Giorgio de Chirico, The Invincible Cohort, 1973. Oil on canvas, 47 1/4 x 32 1/4 inches. Fondazione Giorgio e Isa de Chirico, Rome.

It may very well be that the sense of loss I experienced in negotiating the curatorial juxtapositions in Enigma Variations is a function of my own internalized belief that Guston’s brilliance is/was the stuff of Modernist mythology—a narrative where inspiration is less a factor of mere mortal influence than a dramatic by-product of angst, booze and the occasional divine lightning bolt. For someone weaned on Postmodern discourse who is continually at odds with the hold that such mythology has within visual culture, it is a revelation to discover its traction within my own bones. In some ways, moments of inspiration are the stuff of mythology in that they are deeply complicated, not only with respect to the effects of that moment on one’s practice, but their reification within cultural discourse. I can’t help but feel that Taylor and Melandri’s approach to presenting Guston’s response to de Chirico’s work comes-off as the labor of dutiful art detectives with the effect of closing down meaning rather than opening-up its potential. By offering the viewer a situation where formal (as well as conceptual) complexity feels somehow sidelined in favor of something as reductive as likeness, then the tendency towards a more expansive definition of meaning (as well as creative agency) begins to suffer. And this is where the enigma in Enigma Variations ultimately exists. By experiencing a profound sense of loss brought about by actually being informed, I suddenly find myself weighing the consequences of that critical inquiry against my preference to “not know.”

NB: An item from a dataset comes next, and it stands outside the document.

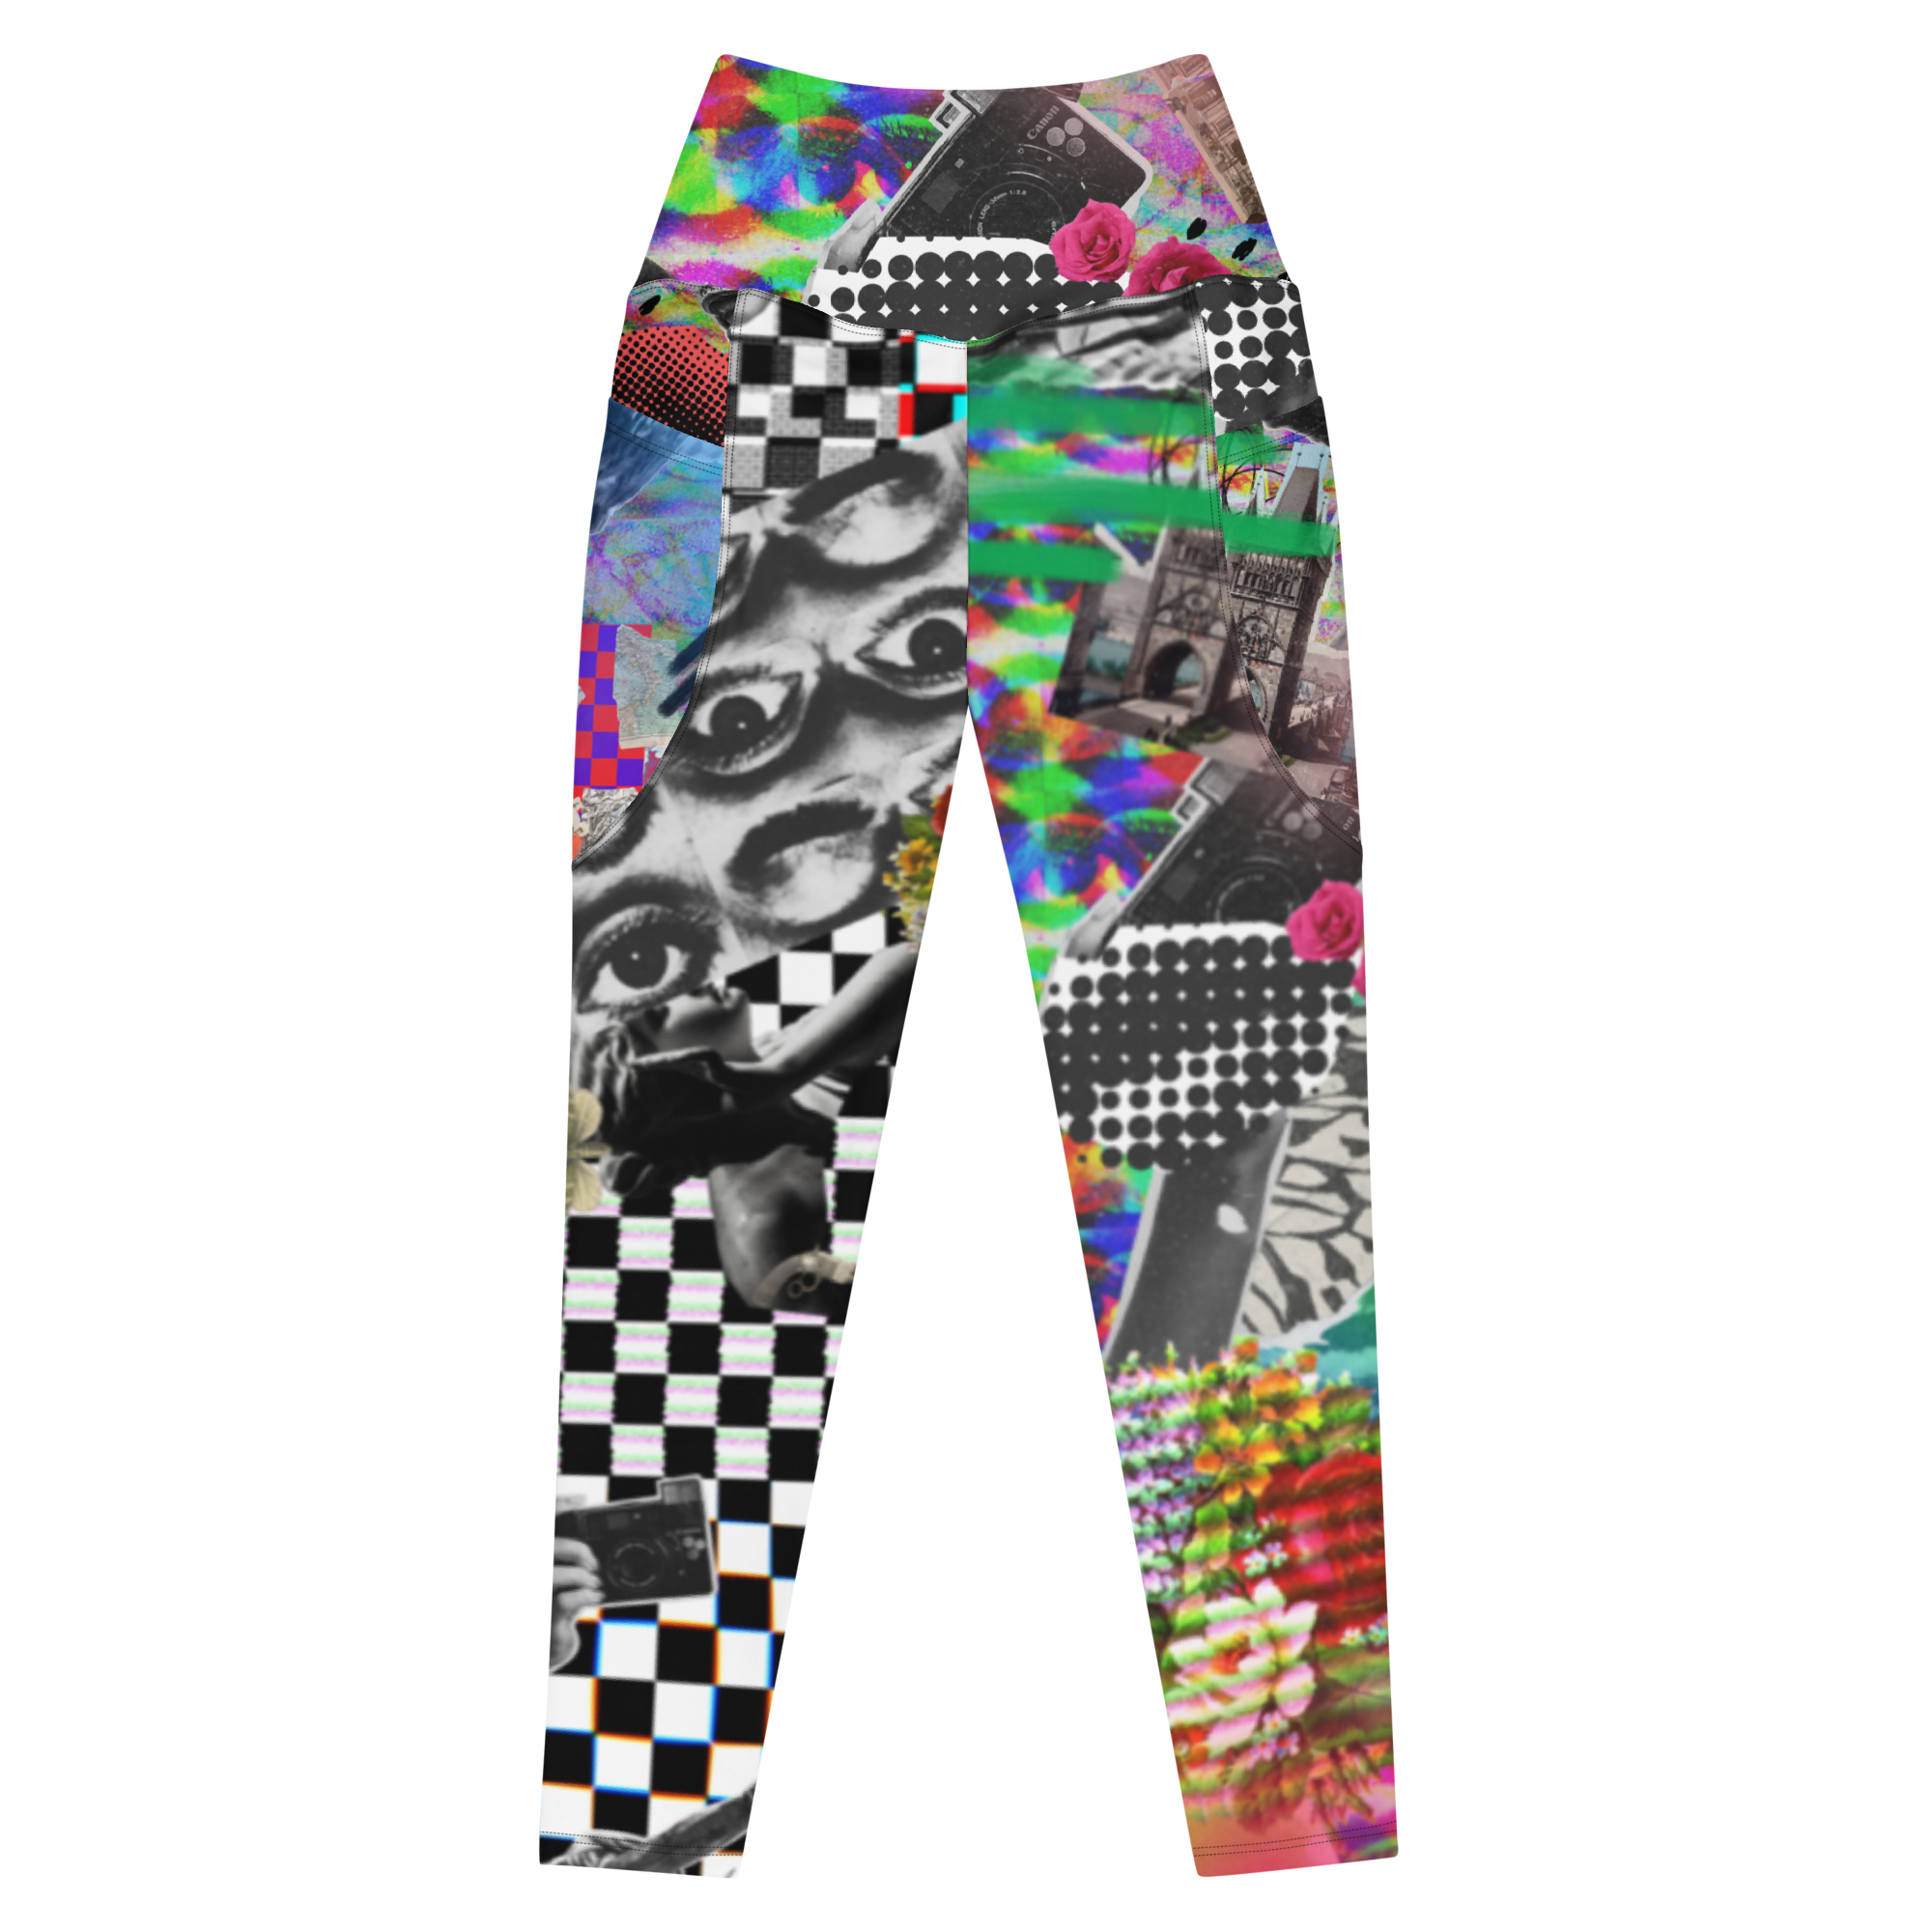 STRATIFIED Leggings with pockets
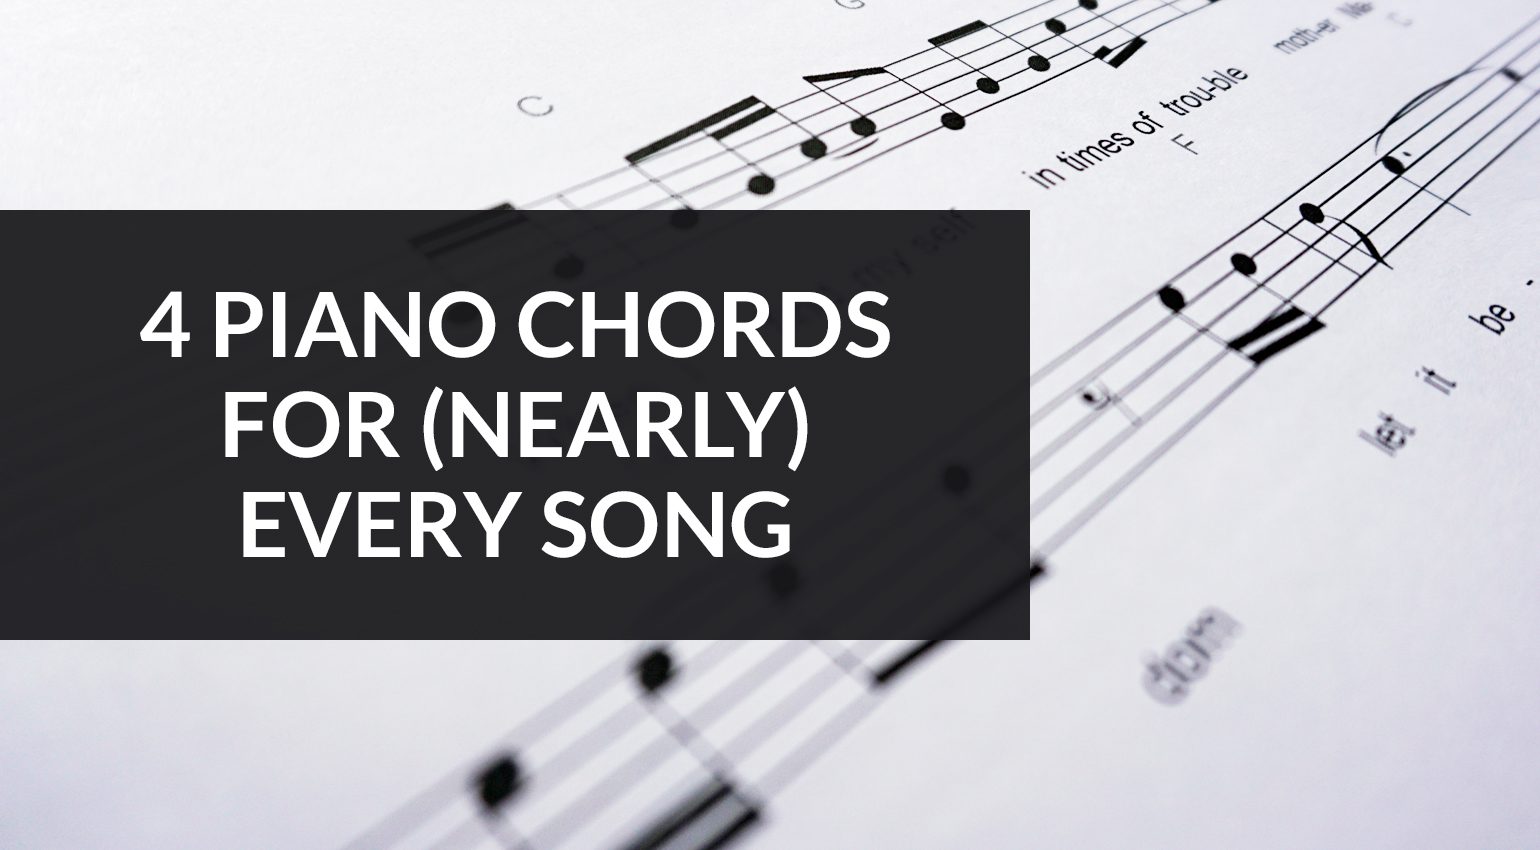 Four Piano Chords for (nearly) every Song

Michael Minelli is an artist living and working in L.A. He teaches graduate studies at Vermont College.


  1. Philip Guston in Philip Guston: A Life Lived, 1913-1980, VHS, directed by Michael Blackwood (New York: Michael Blackwood Productions, 1981). As quoted in Michael Taylor’s “Enigma Variations: Reconsidering the ‘Late’ Work of Giorgio de Chirico and Philip Guston,” Enigma Variations: Philip Guston and Giorgio de Chirico (Santa Monica: Santa Monica Museum of Art, 2006).